I was recently told off by my vps as my python script was using too much cpu (apparently the script was utilising the entire core for a few hours).
my script uses the twython library to stream tweets
def on_success(self, data):
if 'text' in data:
self.counter += 1
self.tweetDatabase.save(Tweet(data))
#we only want to commit when we have a batch
if self.counter >= 1000:
print("{0}: commiting {1} tweets".format(datetime.now(), self.counter))
self.counter = 0
self.tweetDatabase.commit()
Tweet is a class that's job is to throw away meta data about the tweet I do not need:
class Tweet():
def __init__(self, json):
self.user = {"id" : json.get('user').get('id_str'), "name" : json.get('user').get('name')}
self.timeStamp = datetime.datetime.strptime(json.get('created_at'), '%a %b %d %H:%M:%S %z %Y')

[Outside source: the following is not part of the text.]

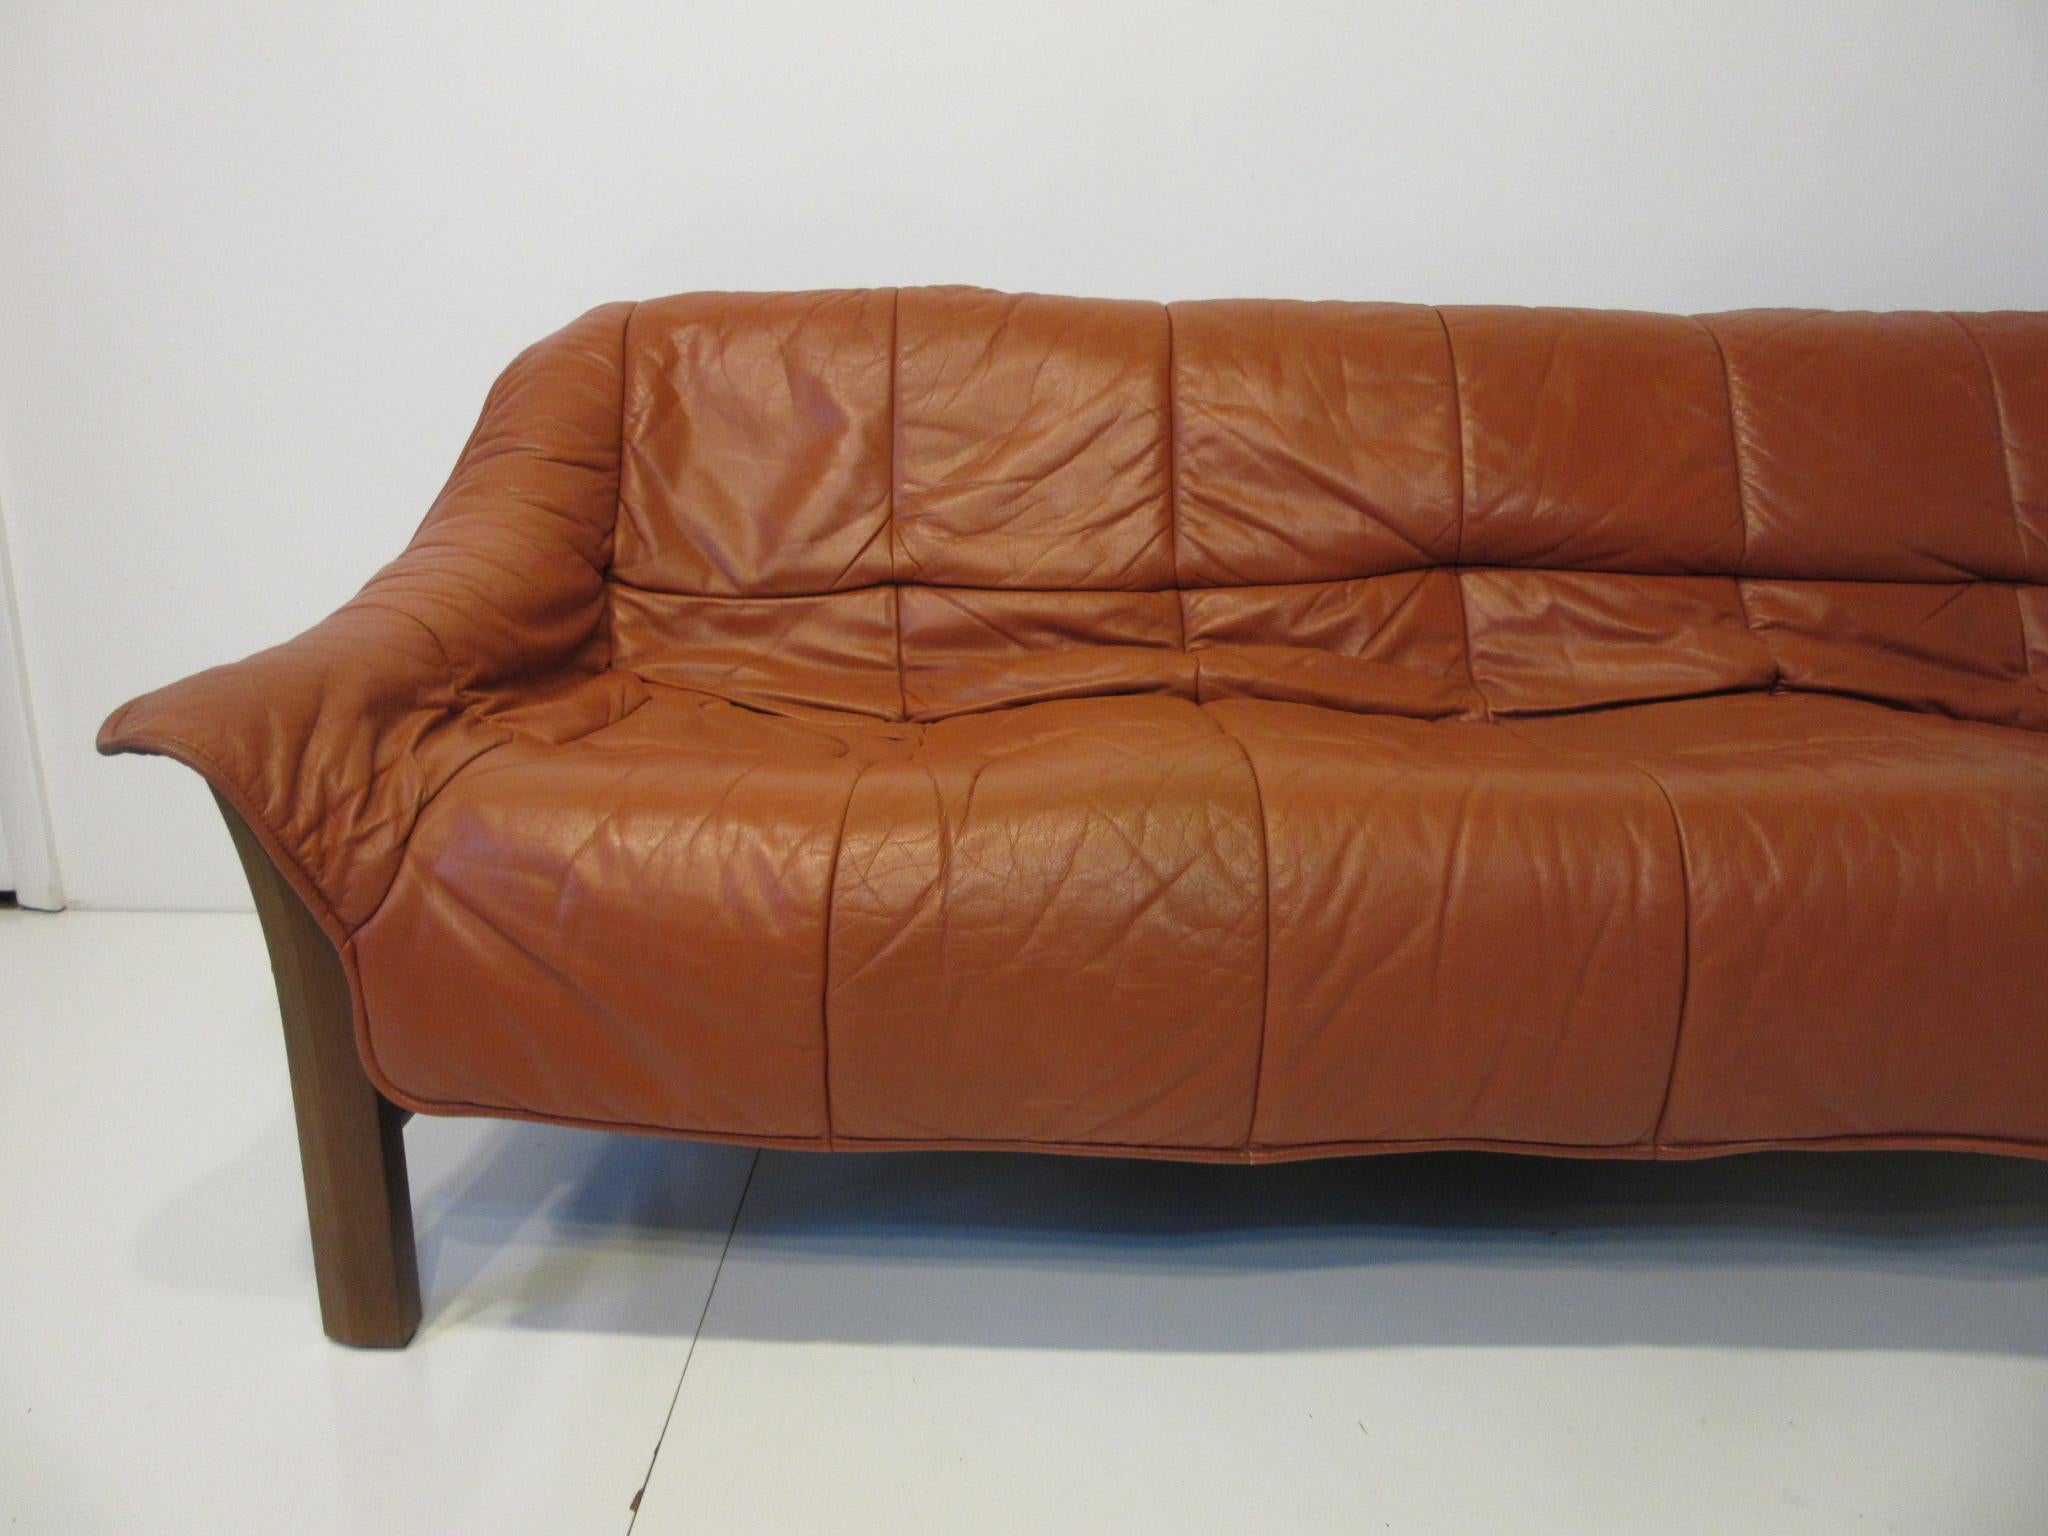 A leather sofa with a solid Jacaranda rosewood frame, this super comfortable piece is perfect for the living space that needs a rich but relaxed look. Well-made and with heavy leather which is great for long term wear manufactured in Brazil.
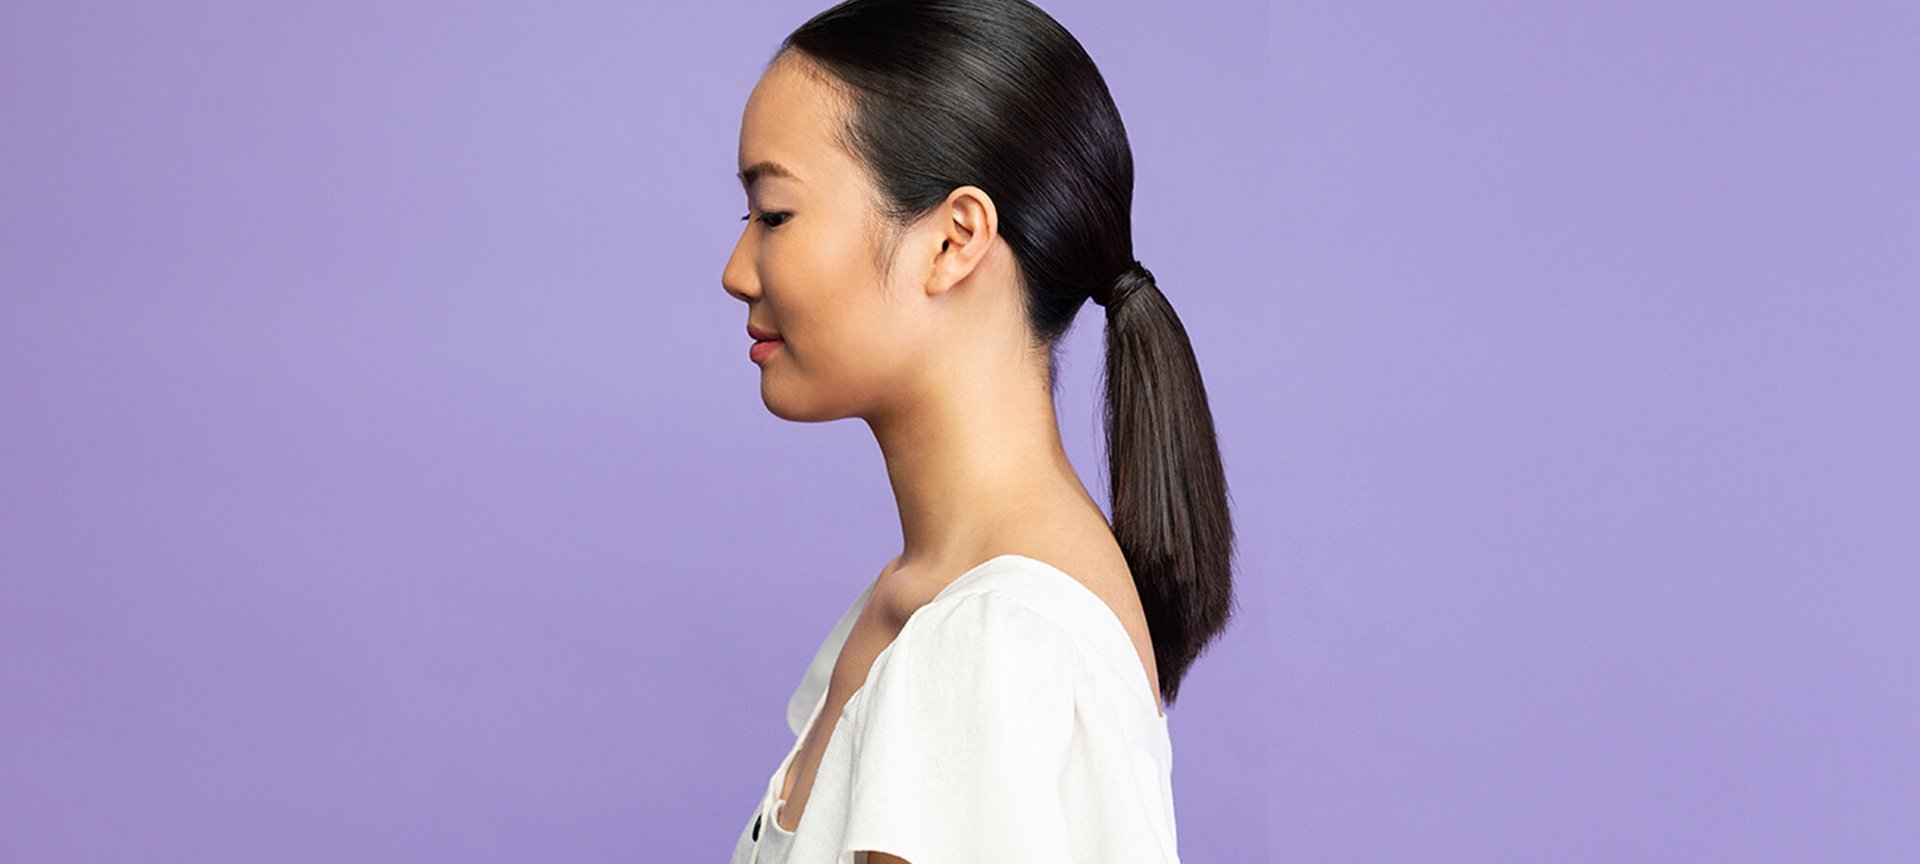 A Photo Gallery of Hairstyles Flattering on Asian Women

self.coordinates = json.get('coordinates')
self.tweet = {
"id" : json.get('id_str'),
"text" : json.get('text').split('#')[0],
"entities" : json.get('entities'),
"place" : json.get('place')
}
self.favourite = json.get('favorite_count')
self.reTweet = json.get('retweet_count')
it also has a __str__ method that will return a super compact string representation of the object
the tweetDatabase.commit() just saves the tweets to a file while the tweetDatabase.Save() just saves the tweet to a list:
def save(self, tweet):
self.tweets.append(tweet.__str__())
def commit(self):
with open(self.path, mode='a', encoding='utf-8') as f:
f.write('\n'.join(self.tweets))
self.tweets = []
whats the best way to keep the cpu low? if I sleep I will be losing tweets as that will be time the program is spent not listening to twitters api. Dispite this I tried sleeping for a second after the program writes to file however this did nothing to bring the cpu down. For record saving to file every 1000 tweets is just over once a Minute.
many thanks